PAULO Tá ali ao fundo, ao pé da janela.
Encaminham-se para lá.
MIGUEL O cinzeiro...
PAULO Sim, fui eu que o desenhei.
MIGUEL Eu sei.
PAULO Sabes?
MIGUEL Sim, parti-to, no ano passado.
PAULO Pois foi.
MIGUEL Disto aposto que te lembravas...
PAULO (rindo) Tinha uma vaga ideia.
MIGUEL Estou a ver... Ficou impecável.
PAULO Ainda demorei uns dias.
MIGUEL Mas valeu a pena. E a cola, que tinha secado...
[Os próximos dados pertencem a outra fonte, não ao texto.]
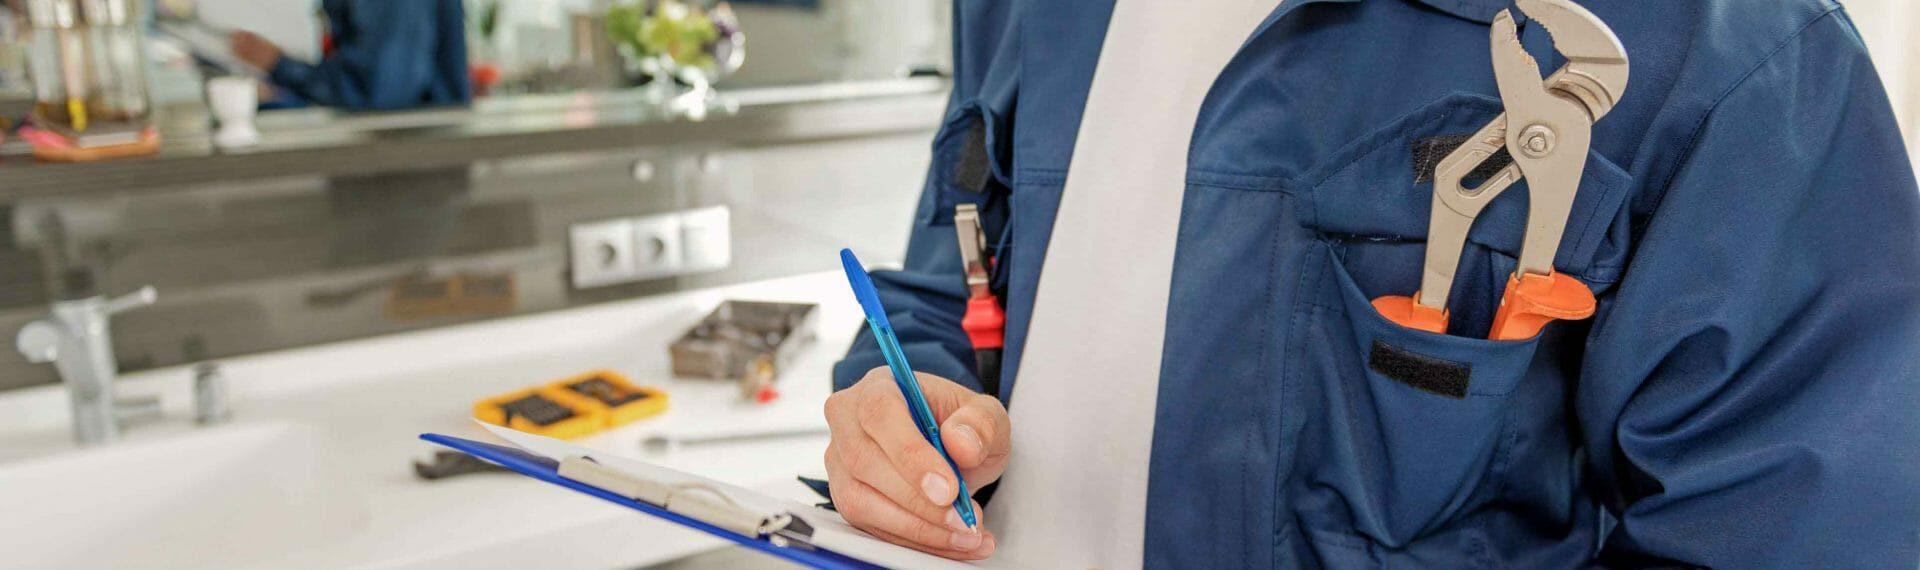 Who needs Handyman Business Insurance?

PAULO Eh, já nem me lembrava. Tava seca no bico, não era?
MIGUEL Sim, mas por dentro estava boa. E eu tentei enfiar-lhe o garfo no bico, mas aquilo rebentou e ficaste coberto de cola.
PAULO A sério que te lembras disso tudo? Bem, tens mesmo boa memória.
MIGUEL Não acredito que não te lembres. Estavas capaz de me bater.
PAULO Nunca.
Pausa.
MIGUEL Não o vejo.
PAULO Oh, quase nunca o vejo, também. Anda sempre ali pelo meio das algas e das outras tralhas todas. Sinceramente, não percebo por que raio um peixe precisa disto tudo. Não é que eles brinquem, não é?
MIGUEL É para se sentirem mais felizes. Estava a falar do cinzeiro.
PAULO Do cinzeiro?
MIGUEL O defeito que tinha...
PAULO Tá aqui. Passa aqui o dedo.
MIGUEL Ah, sim. Mas não se vê.
PAULO É das cores. Olha, ali. Ah, já fugiu. Neno...
MIGUEL Ele não te vai ouvir...
PAULO Não custa tentar.
MIGUEL Daqui a pouco aparece outra vez...
PAULO Anda ali, nada de um lado para o outro, depois vai pra dentro daquela casotinha ali em baixo. Não me liga nenhuma. Já o tenho há uns quatro meses, podia ser menos arisco.
MIGUEL Assim não é grande companhia.
PAULO Já tou habituado... Eu queria um gato, mas achei que não ia ser muito bom. Não sou muito fácil de aturar, sabes?
MIGUEL Quem diria.
PAULO Pois é.
Ficam a olhar para o aquário, em silêncio, à espera de ver o peixe. Falam
ao mesmo tempo.
MIGUEL Sabes, no ano passado...
PAULO Não estava à espera de te...
Calam-se os dois.
PAULO Fala, fala.
MIGUEL Não, fala tu. Por favor.
PAULO Não era nada de especial. Não tava à espera de te ver, só isso. Tanto tempo depois. Pensei que já nem te lembrasses que eu existia.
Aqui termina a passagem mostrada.